10000+ protesters urge Hungarian PM Orban to scrap Internet tax - mazsa
http://www.france24.com/en/20141026-hungarian-protesters-urge-pm-orban-scrap-internet-tax/

======
mazsa
Press Release from Százezren az internetadó ellen - 100000 against the
Internet tax
[https://www.facebook.com/Ne.legyen.Internetado](https://www.facebook.com/Ne.legyen.Internetado)

GLOBAL CALL FOR ACTION: Hungarian Government Attacks On Internet Freedom
‪#‎NoNetTax‬ In its latest and most aggressive crackdown on our fundamental
democratic rights and freedoms, the Hungarian Government has introduced a new
measure to tax use of the internet--one of the last remaining platforms for
independent media, information and communications in Hungary. The move is part
of the Orban government's increasingly repressive efforts to control and
punish independent media and civil society watchdog groups through both legal
and economic means.
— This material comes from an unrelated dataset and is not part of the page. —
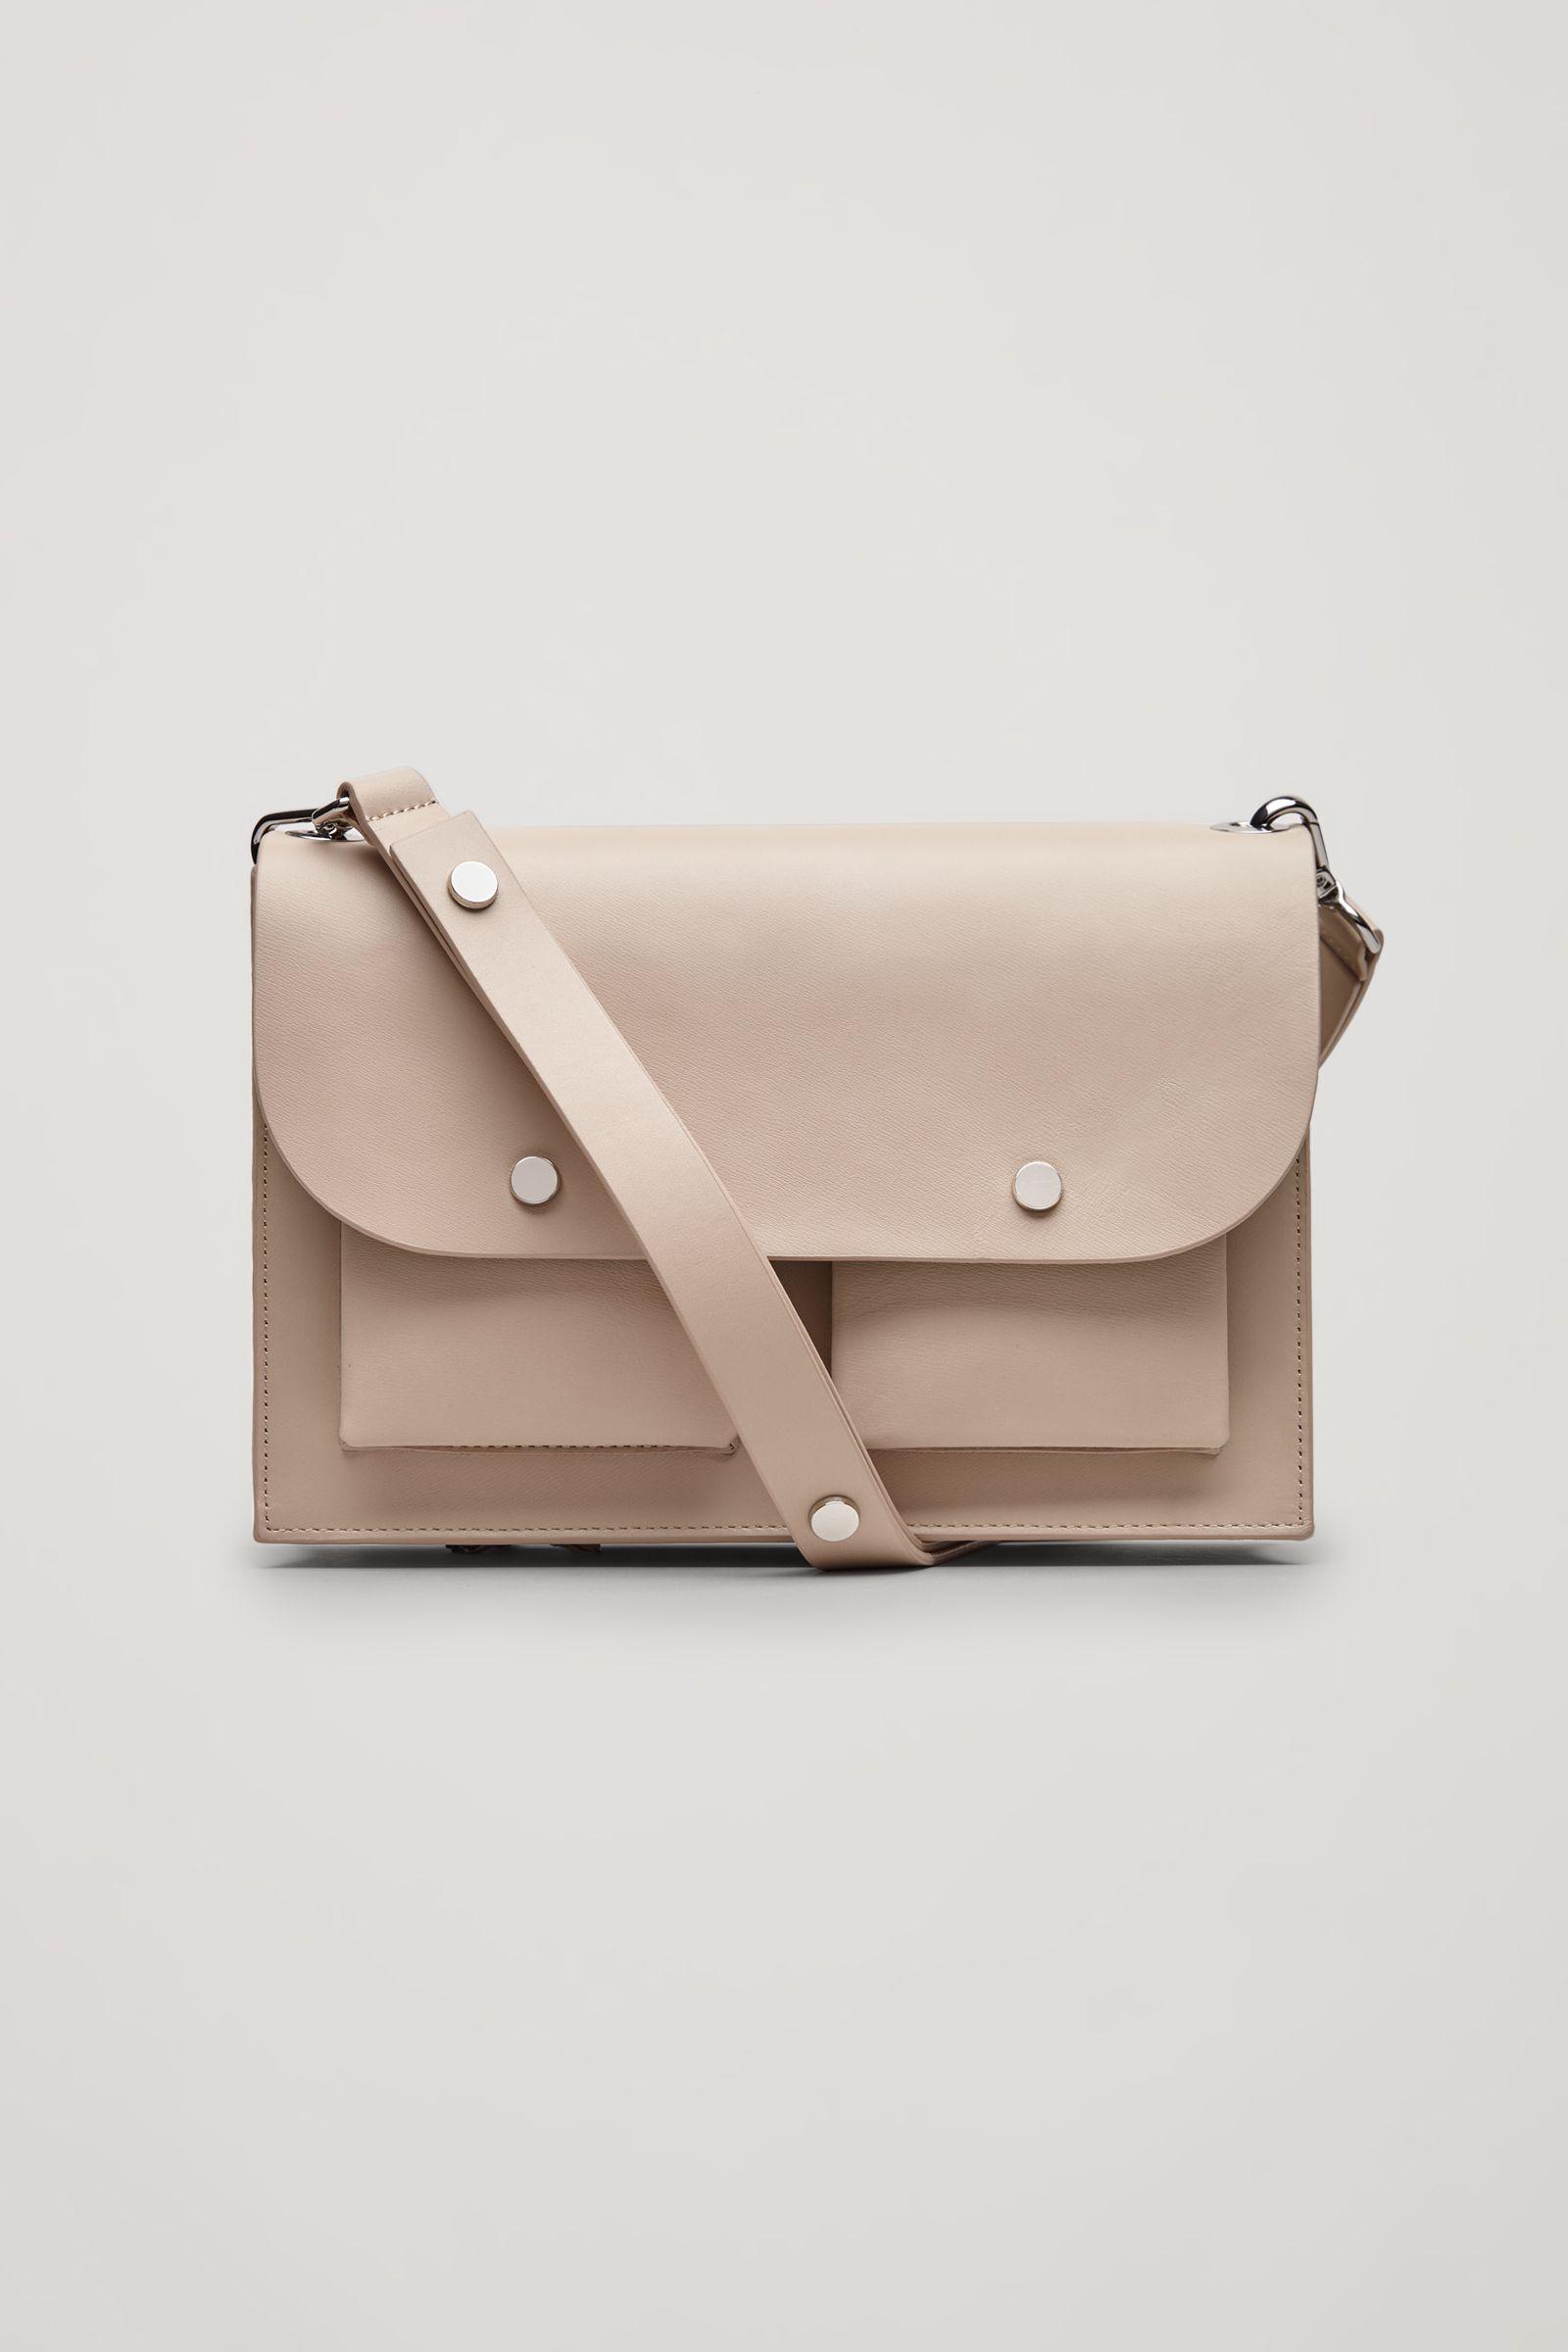 COS Leather Shoulder Bag With Front Pockets in Natural - Lyst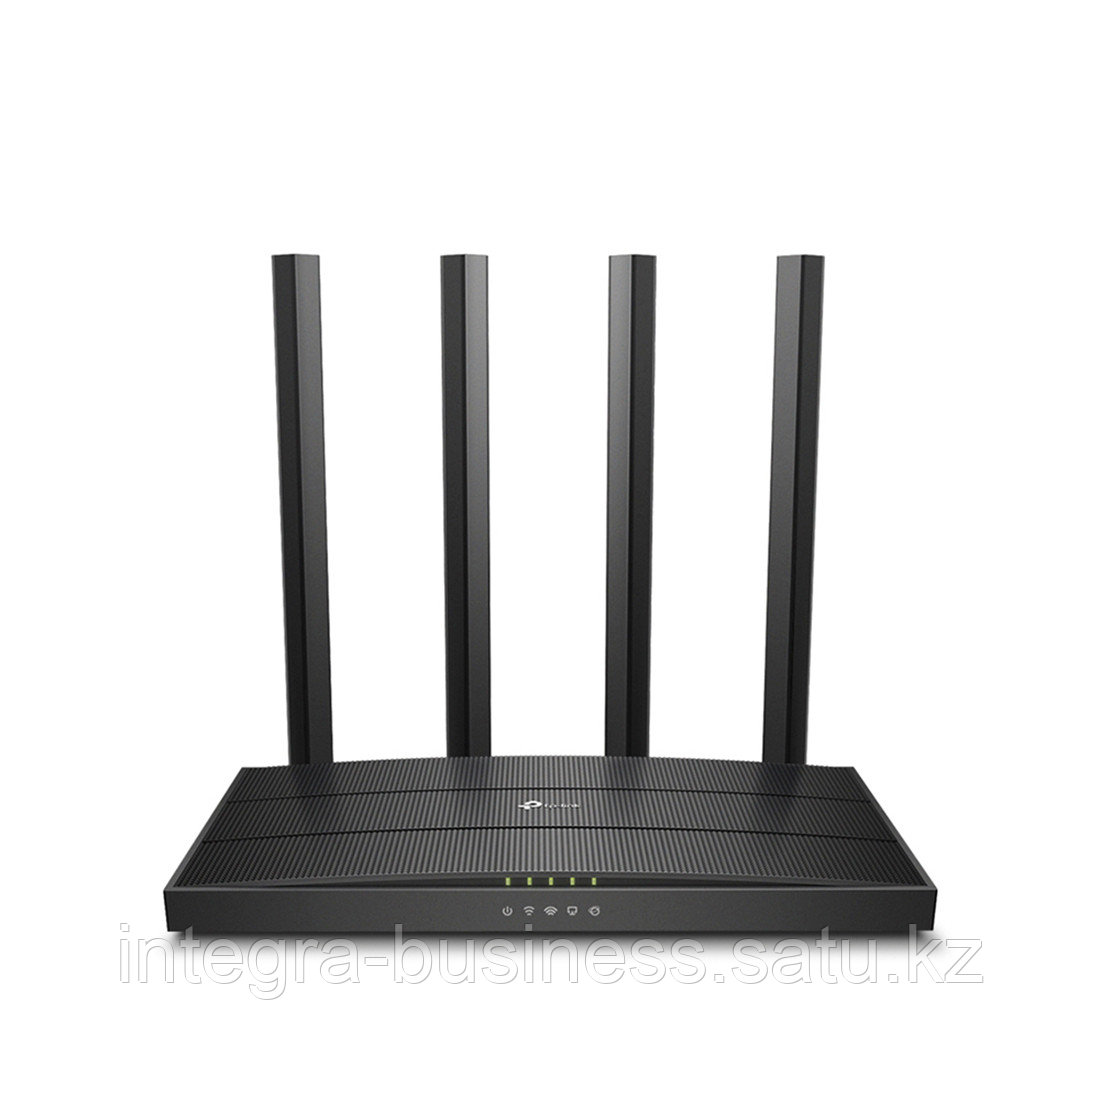 Маршрутизатор TP-Link Archer C6, фото 1

It follows a wave of alarming anti-democratic measures by
Orban that is pushing Hungary even further adrift from Europe. These include a
recent advertising tax on media companies aimed at punishing critical outlets
and a series of police raids and investigations by Hungarian tax authorities
into freedom of expression NGOs that serve an essential role in promoting
democratic discourse and debate. Orban's new tax on internet is direct attack
on our freedom of expression rights and our right to access information--and
risks disconnecting Hungary with global information and communication
channels. The measure would impede equal access to the internet--deepening the
digital divide between Hungary's lower economic groups--and limiting internet
access for cash-poor schools and universities. It would also cripple Hungarian
small businesses and their right to compete EU's the single common digital
market. As citizens of the European and global community, we defend our
fundamental right to freedom of expression and information, as guaranteed to
all citizens under Article 10 of the European Convention on Human Rights,
Article 19 of the Universal Declaration of Human Rights, and the EU Charter of
Fundamental Human Rights. We oppose the Hungarian Government's attempt to
strip us of these fundamental rights, which is in violation of the set of
international treaties and obligations that Hungary is legally bound to
uphold. We urge members of the global human rights and internet community to
join us in protesting the Hungarian Government's proposed tax on the internet
and to defend internet freedom and democracy--in Hungary and around the world.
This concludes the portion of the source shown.